Under Article 217 of the RPC provides that any public officer who, by reason of duties of his office, is
accountable for public funds or property, shall appropriate the same, or shall take or misappropriate or
shall consent, or through abandonment or negligence, shall permit any other person to take such public
funds or property, wholly or partially, or shall otherwise be guilty of misappropriation or malversation of
such funds or property.

As held in the article there must be the four elements that must be present to be guilty for the crime of
malversation.

1. The offender be a public officer


2. That he had the custody or control of funds or property by reason of the duties of his office
3. That those funds or property were public funds for which he was accountable
4. That he appropriated, took, misappropriated or consented or, through abandonment or
negligence, permitted another person to take them.
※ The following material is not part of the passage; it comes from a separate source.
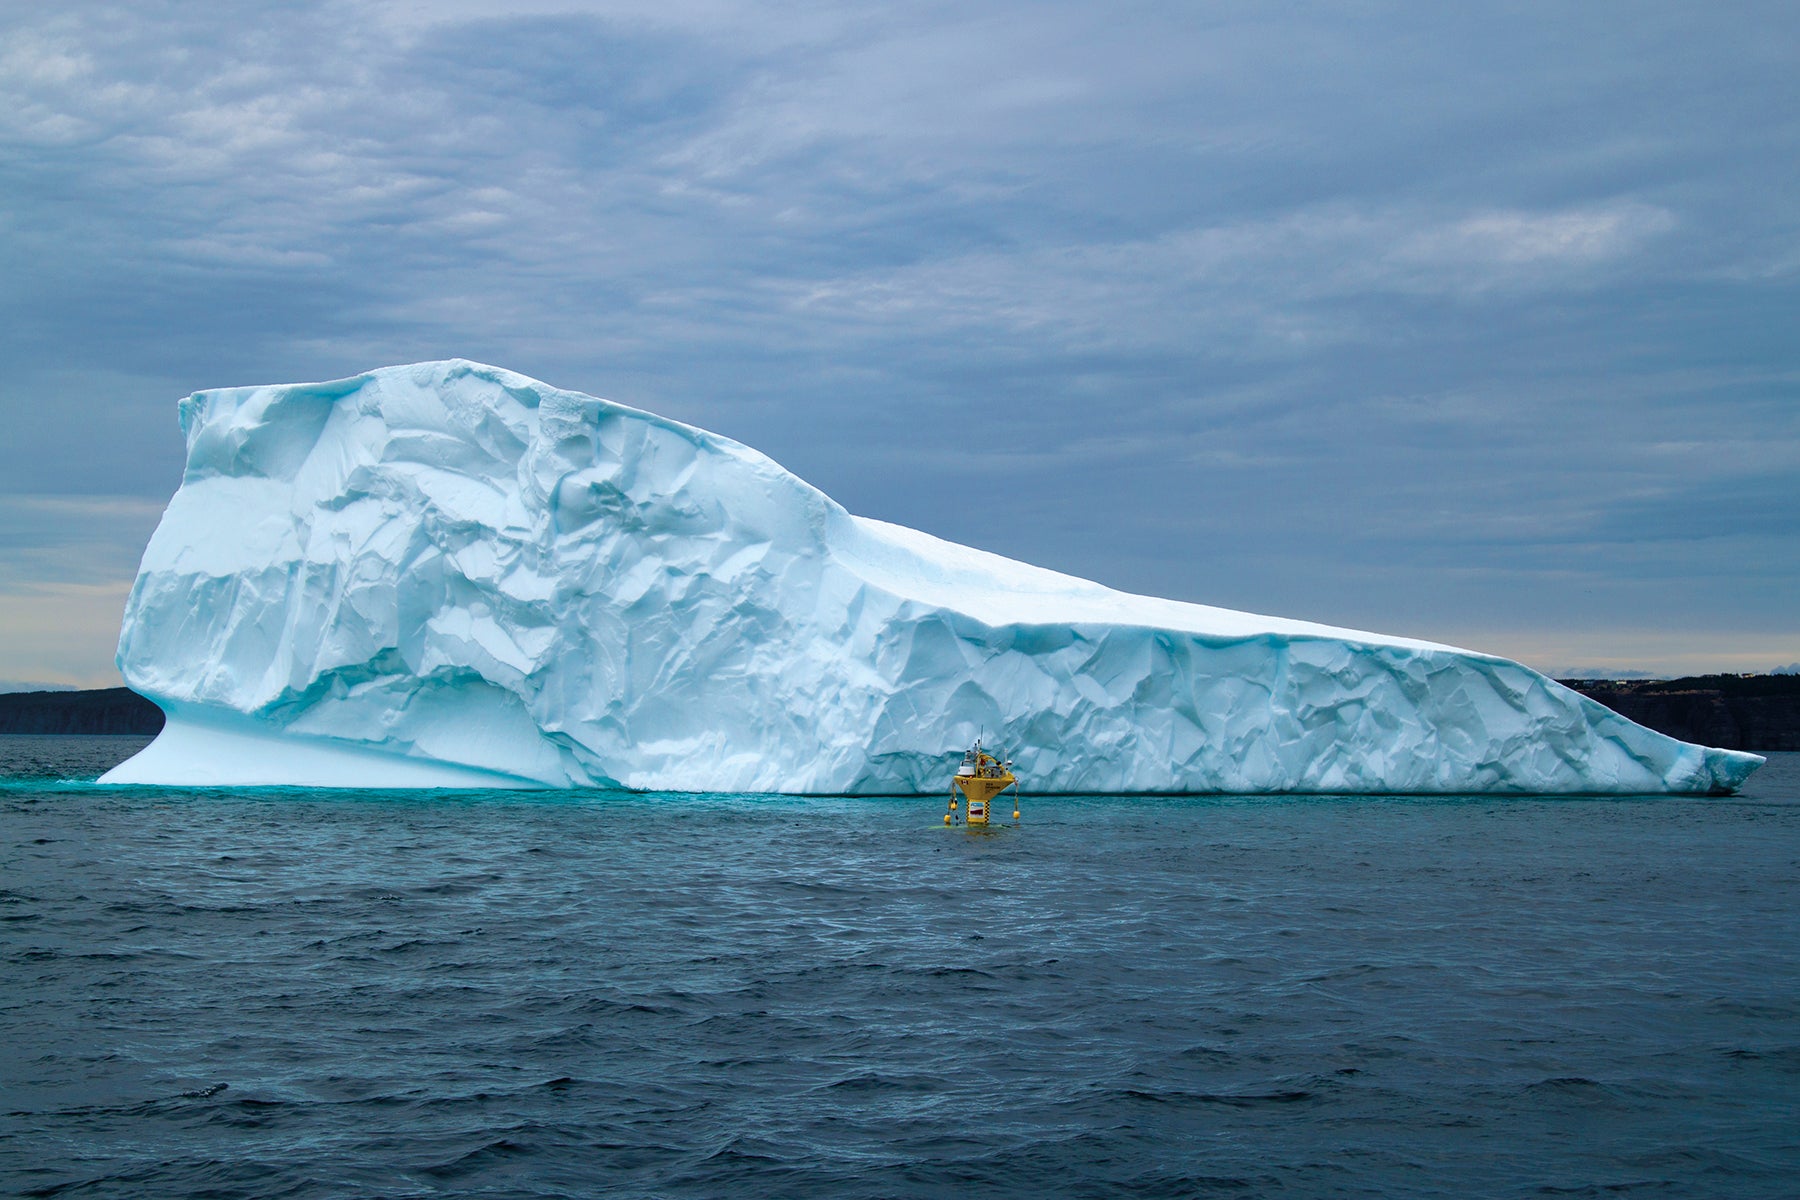 Iceberg 1 altered

Undoubtedly, all the elements of the crime are present in the case at bar. First, it is undisputed that
Reyes and Santos were the fiscal agents of the sequestered firm at the time material to this
case. Second, they were given the custody and possession of the sequestered building and its
contents. Third, they were also given the custody to the various vehicles used in the firm’s
operation. Fourth, Reyes and Santos failed to give any reason or explanation why the vans were
missing. The failure of a public officer to have duly forthcoming any public funds or property with which
he is chargeable, upon demand by any duly authorized officer, shall be prima facie evidence that he has
put such missing funds or property to personal uses. (As amended by Rep. Act No. 1060, approved June
12, 1954.)

In the case at bar, Reyes and Santo’s failure to give any satisfactory explanation why the vans were
missing, is prima facie evidence that they had put the same to their personal use.

Therefore, Reyes and Santos committed a crime of Malversation of Public Funds.